▸ Data section
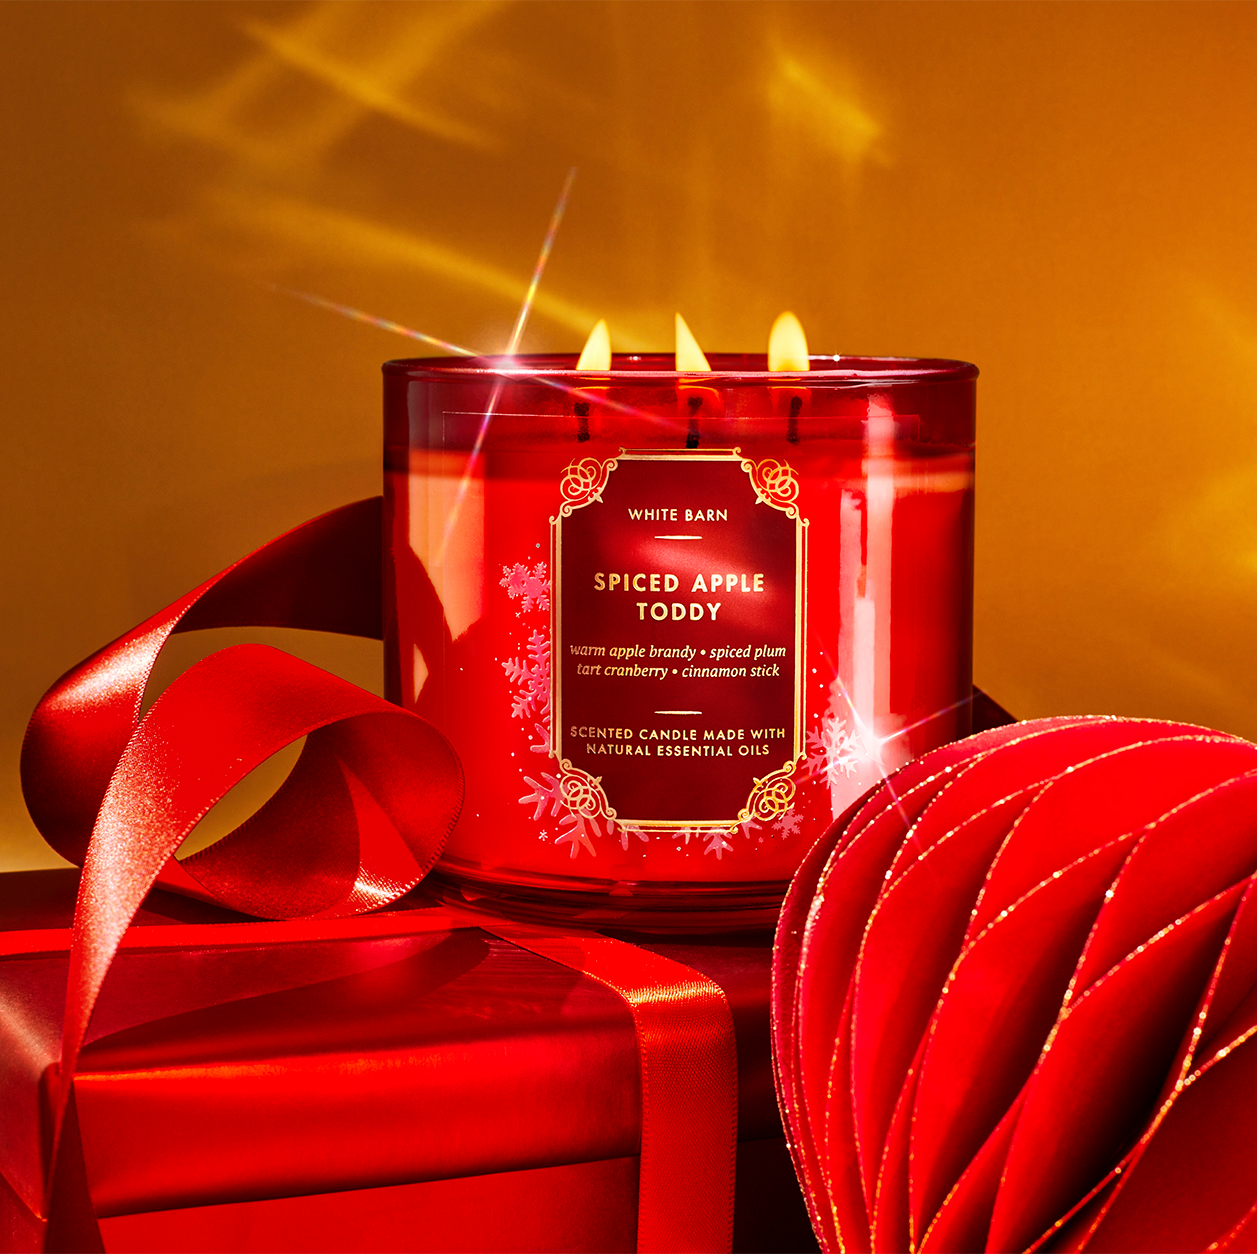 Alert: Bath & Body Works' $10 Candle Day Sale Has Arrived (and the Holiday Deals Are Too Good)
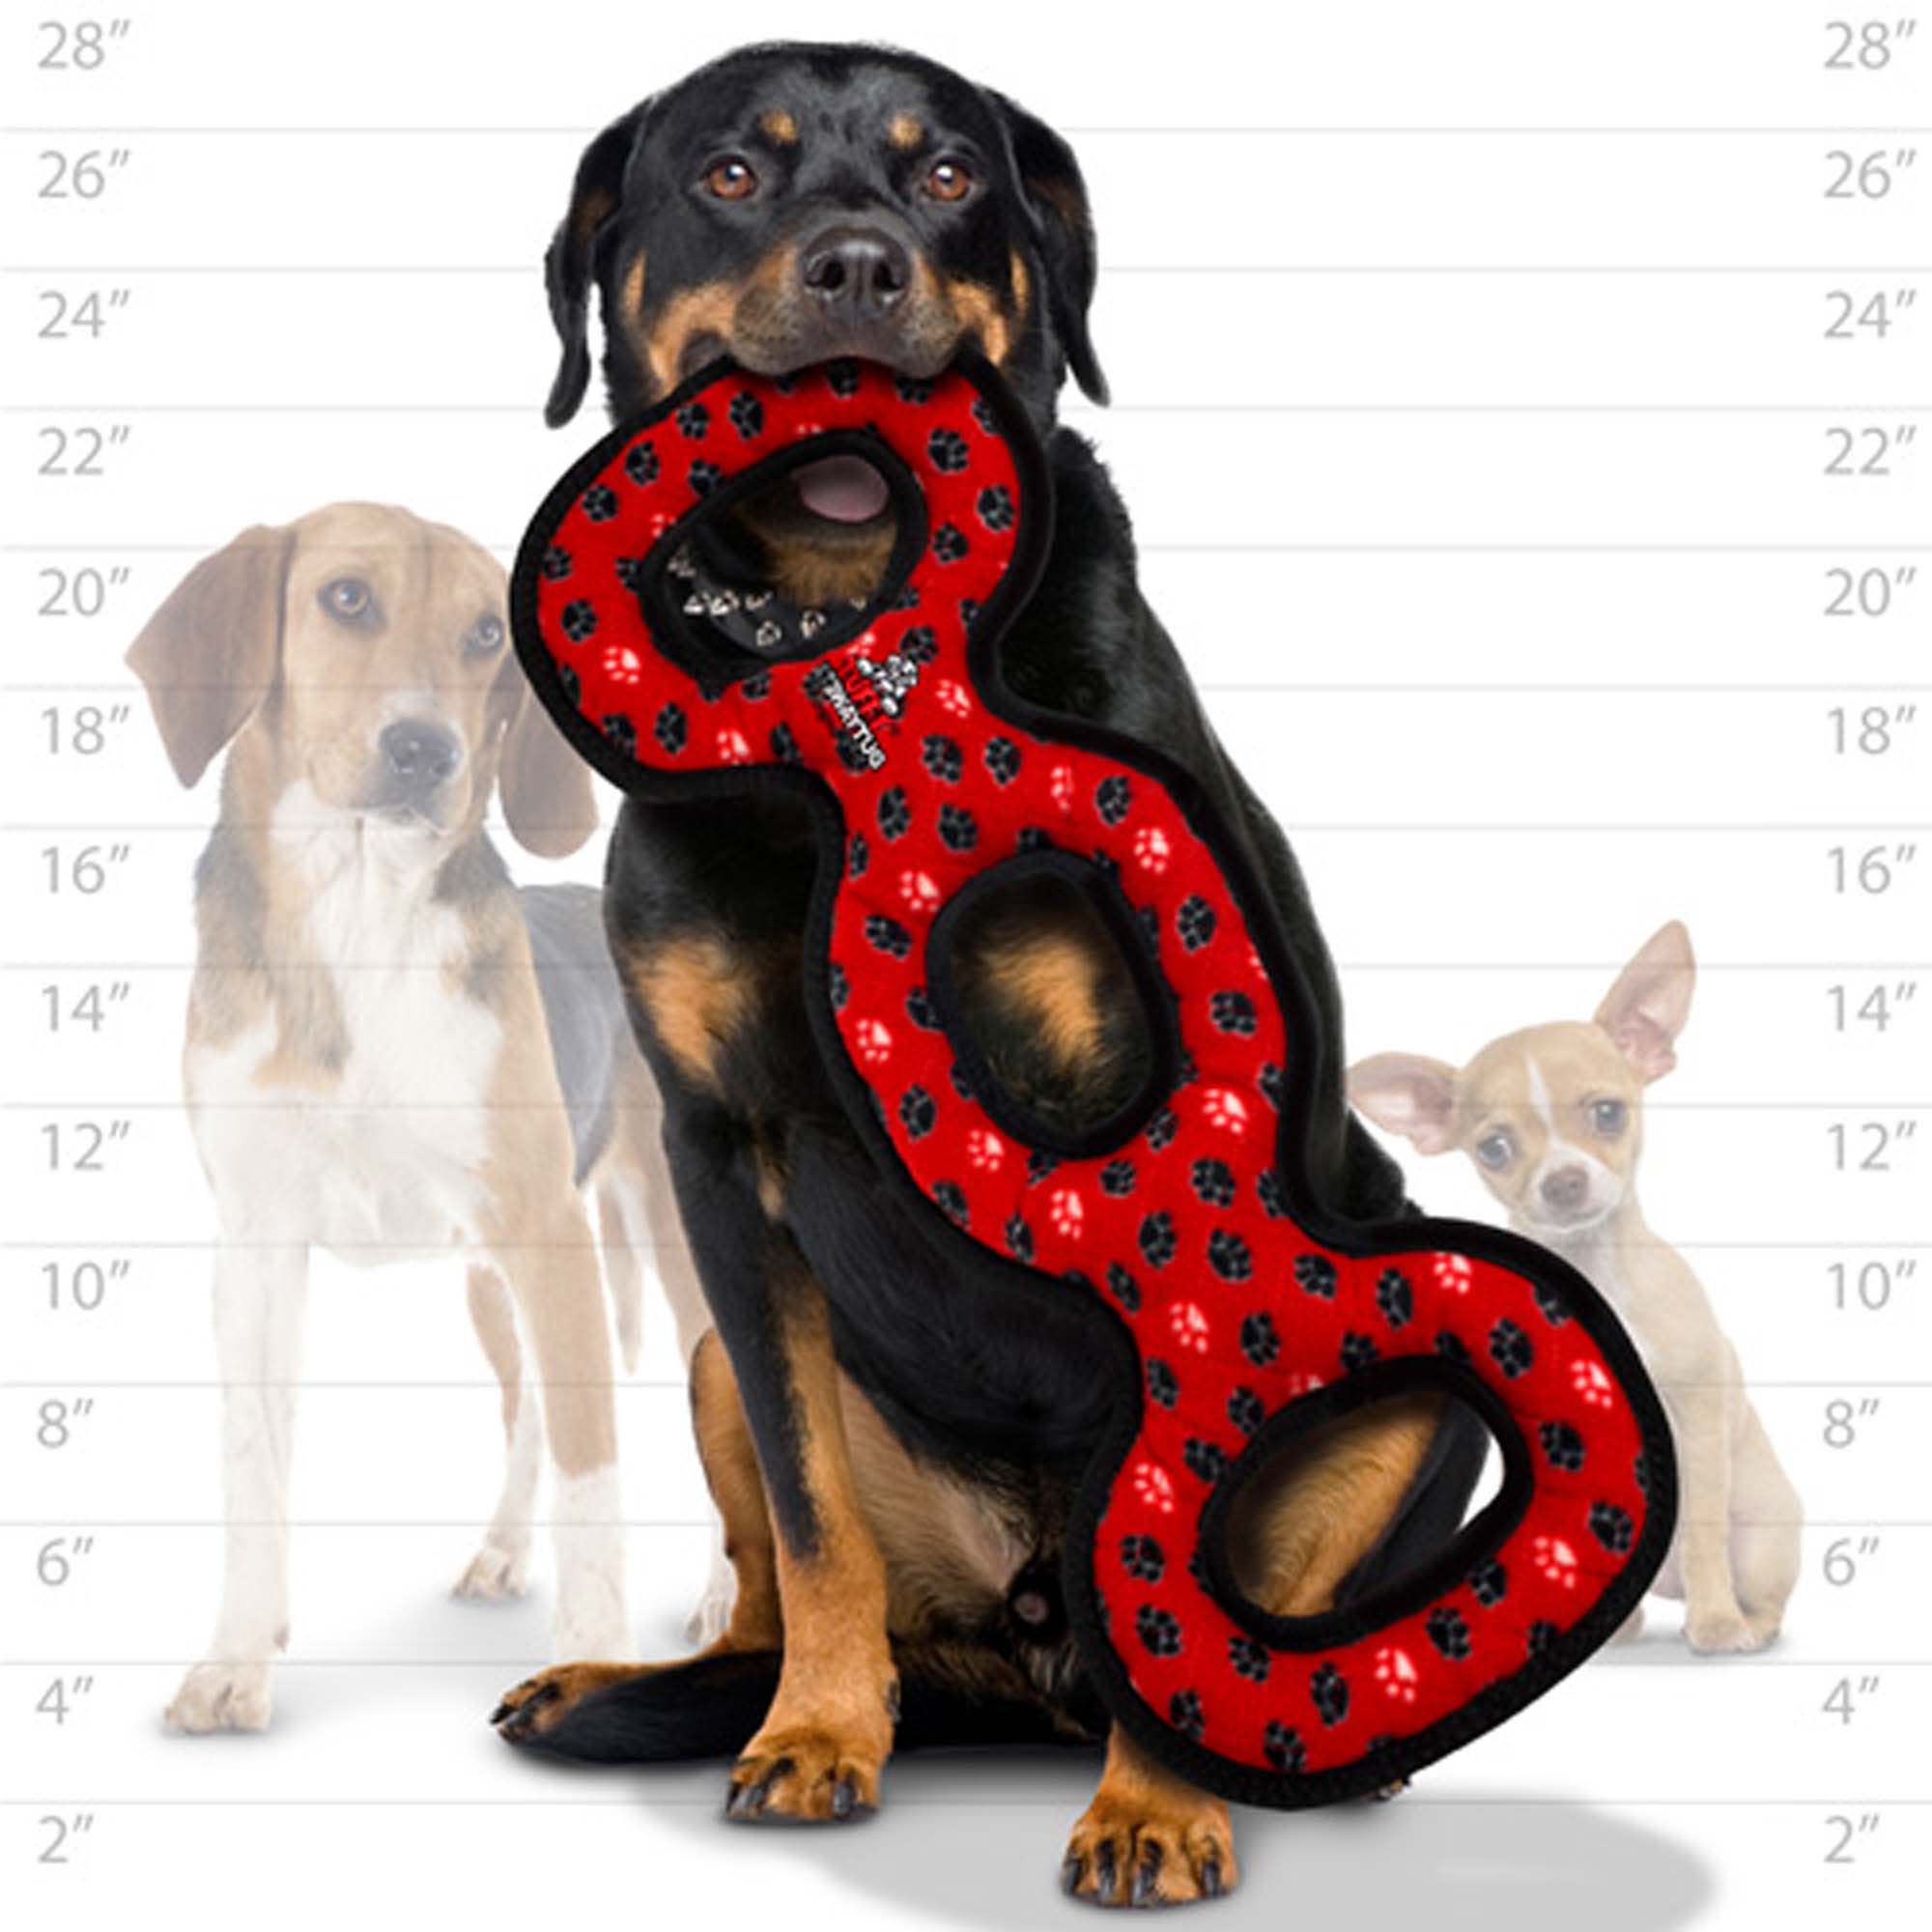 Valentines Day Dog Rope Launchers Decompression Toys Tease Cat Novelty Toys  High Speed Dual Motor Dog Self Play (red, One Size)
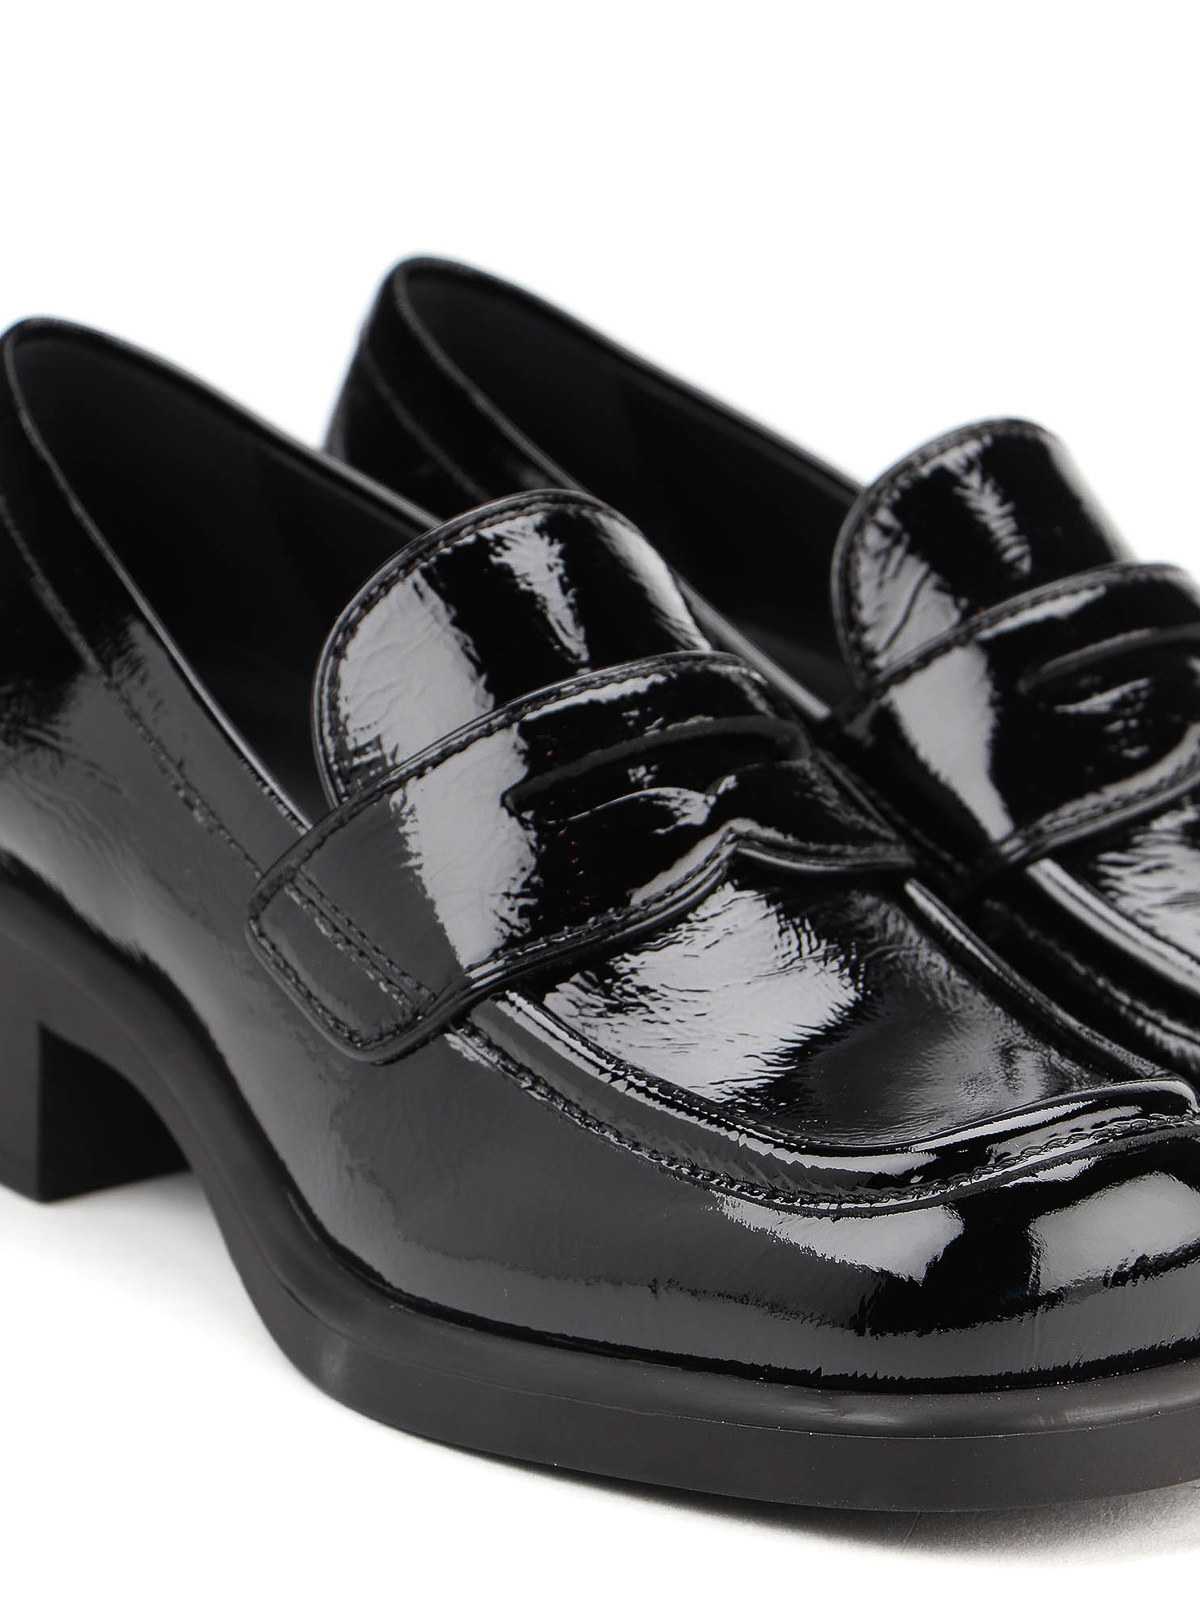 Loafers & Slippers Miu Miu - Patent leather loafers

▸ Task brief
Exclude the pictures, and transcribe all of the material exactly.

▸ Your response
 Alert: Bath & Body Works' $10 Candle Day Sale Has Arrived (and the Holiday Deals Are Too Good)
 Valentines Day Dog Rope Launchers Decompression Toys Tease Cat Novelty Toys  High Speed Dual Motor Dog Self Play (red, One Size)
 Loafers & Slippers Miu Miu - Patent leather loafers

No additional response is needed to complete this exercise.